• _What needs to be done_
Repeat nothing but the lines below running from the one containing "1d0c6065 Long inseam" to the one containing "Paint Splash Windows". Keep both end lines.

• _Records to use_
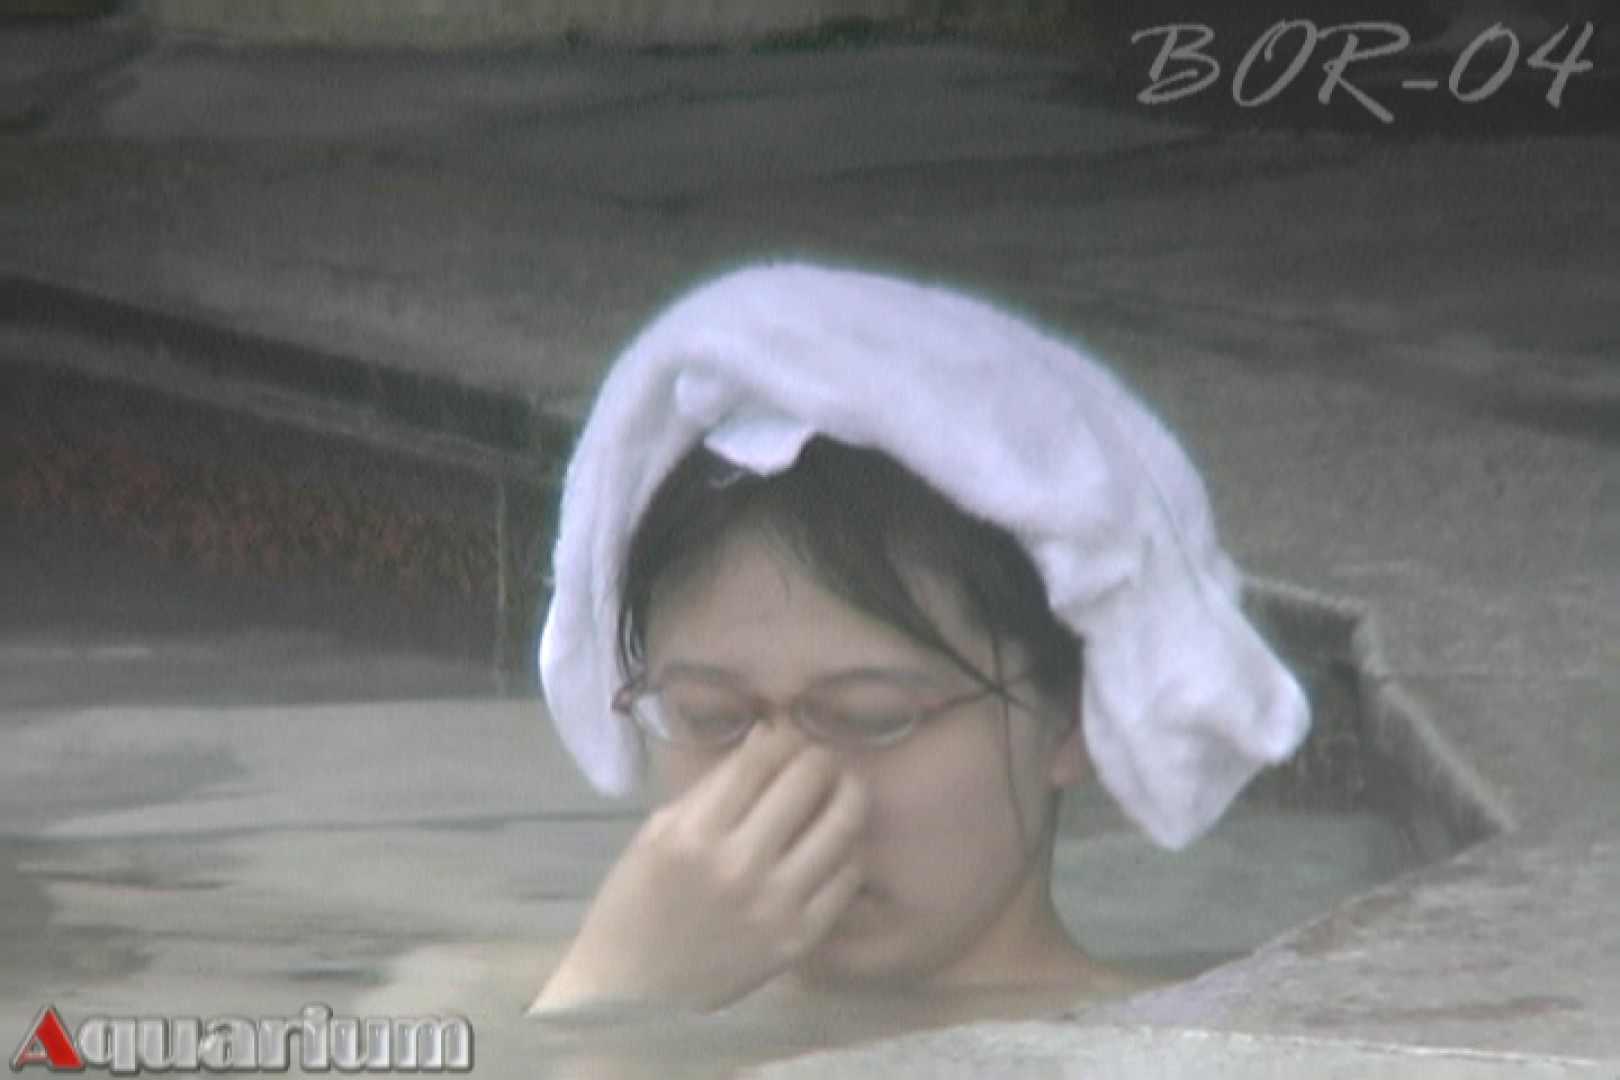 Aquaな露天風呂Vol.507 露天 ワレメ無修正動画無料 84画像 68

...

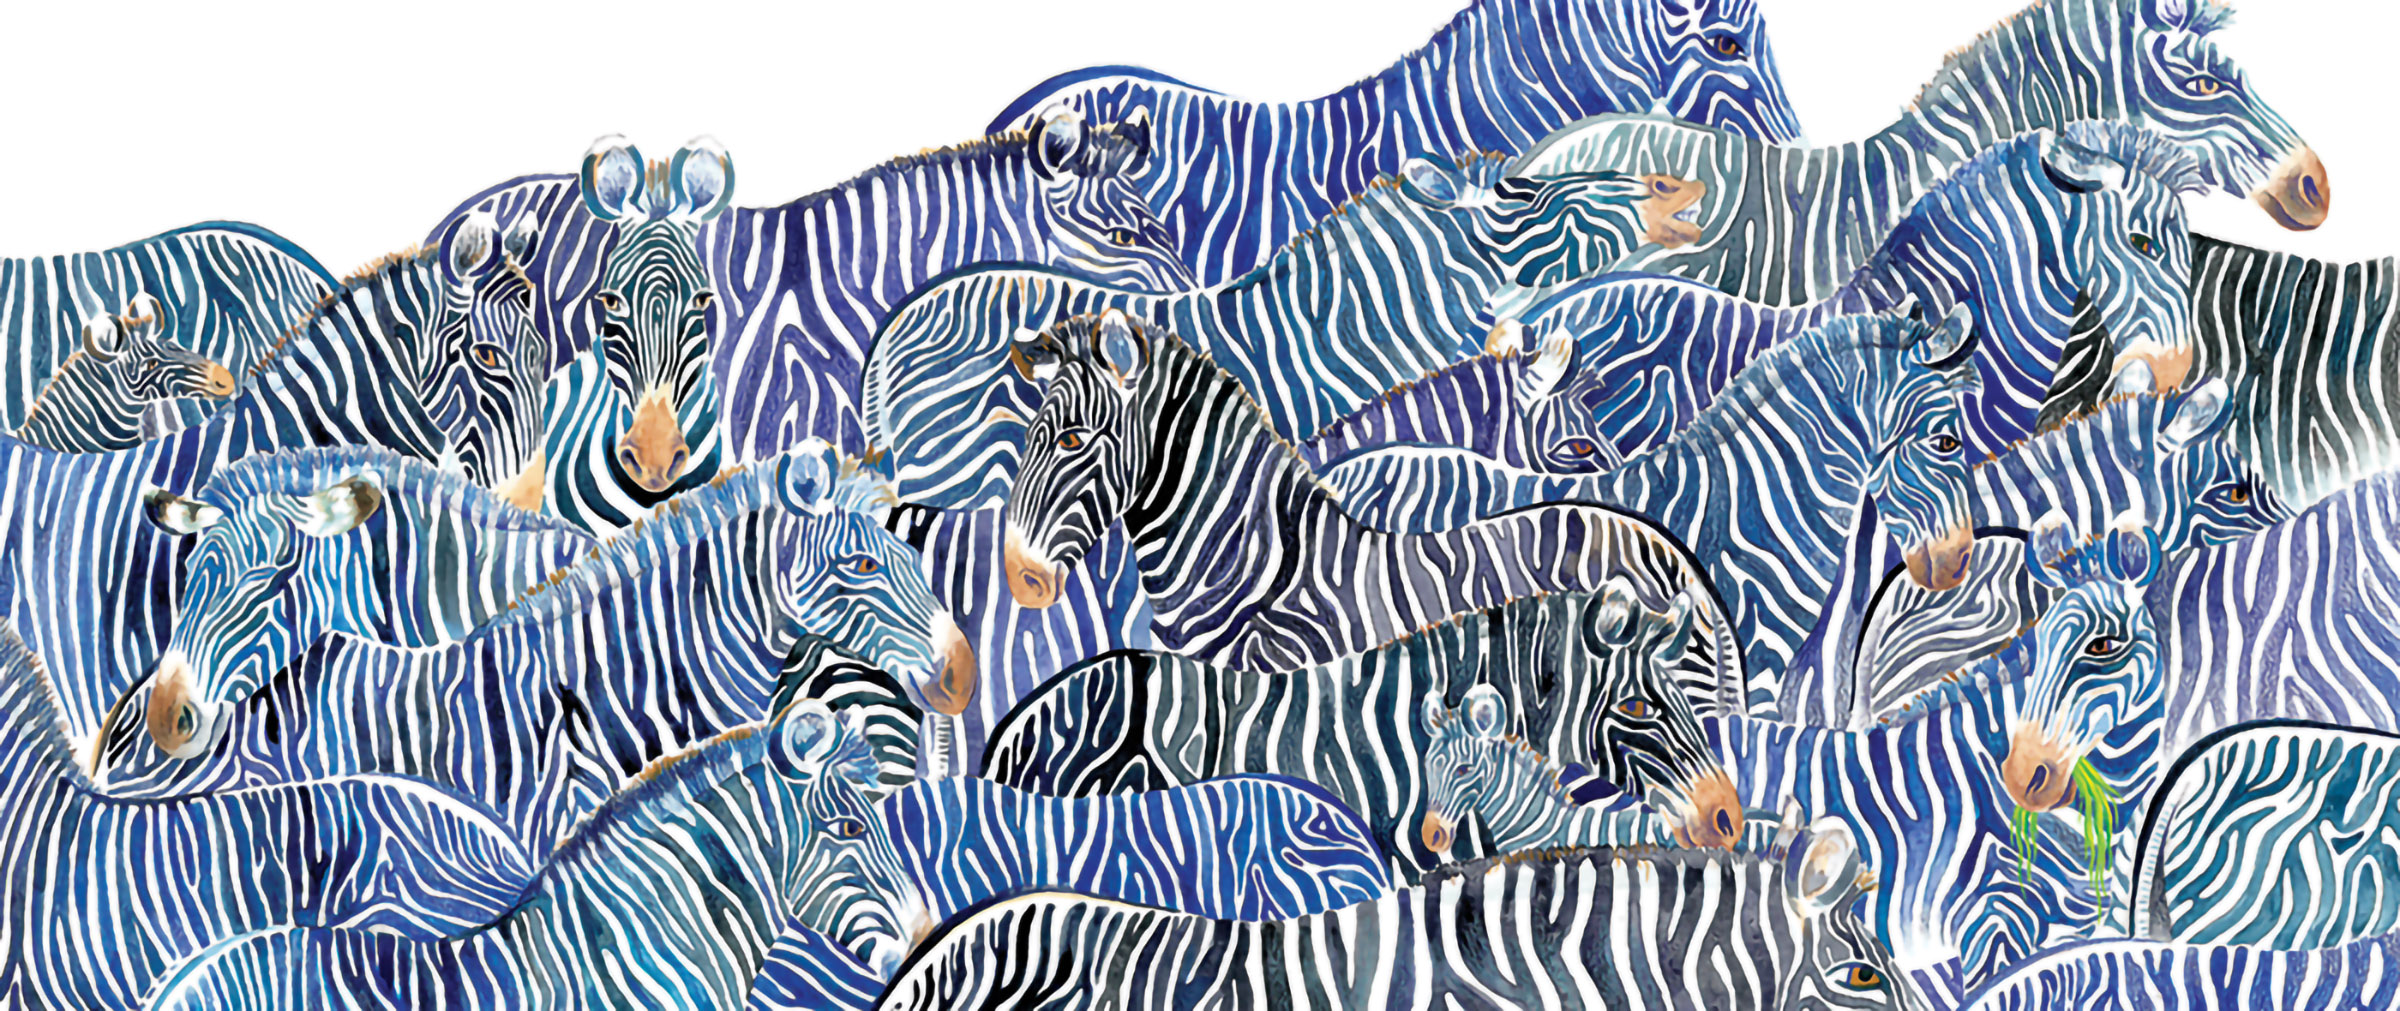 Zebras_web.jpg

--

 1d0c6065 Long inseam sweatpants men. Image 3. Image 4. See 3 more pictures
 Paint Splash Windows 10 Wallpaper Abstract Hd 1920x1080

• _Answer area_
 1d0c6065 Long inseam sweatpants men. Image 3. Image 4. See 3 more pictures
 Paint Splash Windows 10 Wallpaper Abstract Hd 1920x1080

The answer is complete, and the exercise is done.